# Area between functions | Exercise 2

In this post we will learn how to calculate the area of a function with absolute value. It is much easier than it seems.

### Let’s start

For the function $f(x)=|x^{3}-x|$ calculate the area under the curve that is between the limits of $x = -1$ and $x = 1$.

You have to have a bit of skill with this function, remember that we want to calculate the area of the function $f(x)$, but decompose $f(x)$ in two functions as: 1. $x^{3} – x$ and 2. $x – x^{3}$ is not enough if you do not know how they behave.
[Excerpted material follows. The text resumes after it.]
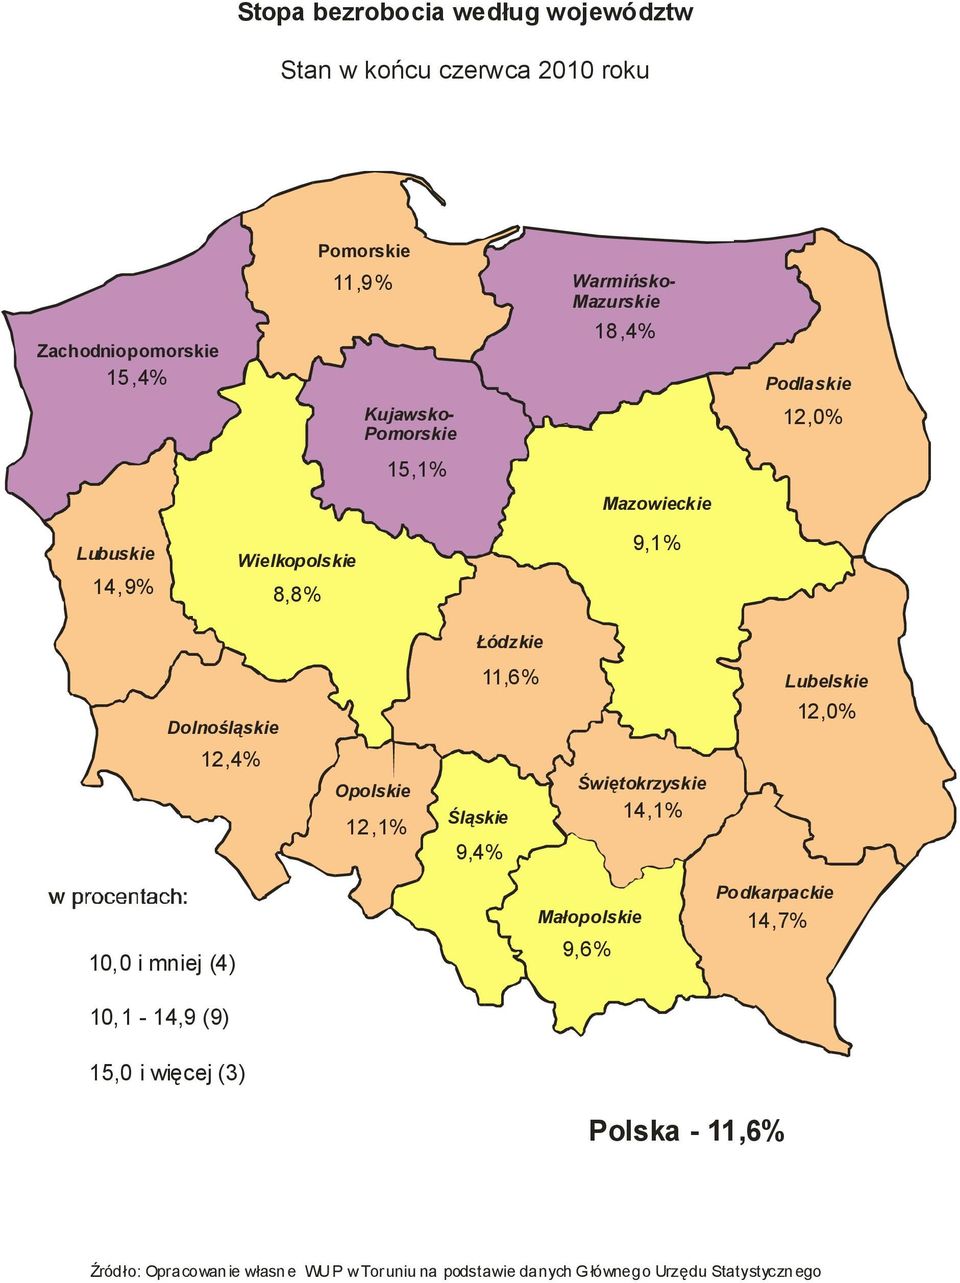 Opolskie 12,1% 11,6% Śląskie 9,4% Świętokrzyskie 14,1% Lubelskie 12,0% 10,0 i mniej (4) 10,1-14,9 (9) 15,0 i więcej (3)

Let’s calculate the intersection points of the function $f(x)$. It must be equal to zero:

$$x^{3} – x = 0$$

We will factor a single $x$:

$$x(x^{2} – 1) = 0$$

Now we will factor the binomial:

$$x(x + 1)(x – 1) = 0$$

And what we can observe is that the points of intersection are when $x=-1$, $x=0$ and $x=1$, with this we can even raise our integral, only missing a few more things.

By decomposing the function $f(x)$, the first function obtained that is $x^{3}-x$ is painted blue and it will be visualized in the following way: And the second function obtained that is $x- x^{3}$ is painted red and will be displayed as follows: If we join the two functions in the same graph we will obtain the following: Okay, but from what you see, we do not need the whole function, we need a part of each of the functions. We are going to remove the original graphic that is the black one and we will only leave the parts that represent our original graphic with the parts that intersect our red and blue functions: Cool! What we have just represented can be written mathematically thanks to calculating the points of intersection of the original function $f (x)$ and once we write it we will already know how to perform our integral for the calculation of the area. Mathematically it is like this:

$$f(x) = \left\{ \begin{array}{l l l} x^{3} – x \quad & \text{ when } \quad & x \in [-1,0] \cup [1,\infty] \\ x – x^{3} & \text{ when } & x \in [-\infty,-1] \cup [0,1] \end{array}\right.$$

Taking advantage of the symmetry of the function, we can make an integral that goes from $0$ to $1$ and the result multiply it by $2$, let’s see:

$$A = \int_{0}^{1}(x – x^{3}) \ dx$$

The integral of $x$ is $\frac{x^{2}}{2}$ and the integral of $x^{3}$ is  $\frac{x^{4}}{4}$:

$$A = \left. \cfrac{x^{2}}{2} – \cfrac{x^{4}}{4} \right]_{0}^{1}$$

We evaluate:

$$A = \cfrac{1}{2} – \cfrac{1}{4} – 0 = \cfrac{1}{4}$$

Now that obtained result we will multiply it by $2$ to obtain the total area:

$$A = \cfrac{1}{4}(2) = \cfrac{1}{2} \ \text{u}^{2}$$

So the total area of the function $|x^{3} – x|$ between the limits of $x=-1$ to $x=1$ equals $\frac{1}{2} \ \text{u}^{2}$

Thank you for being at this moment with us : )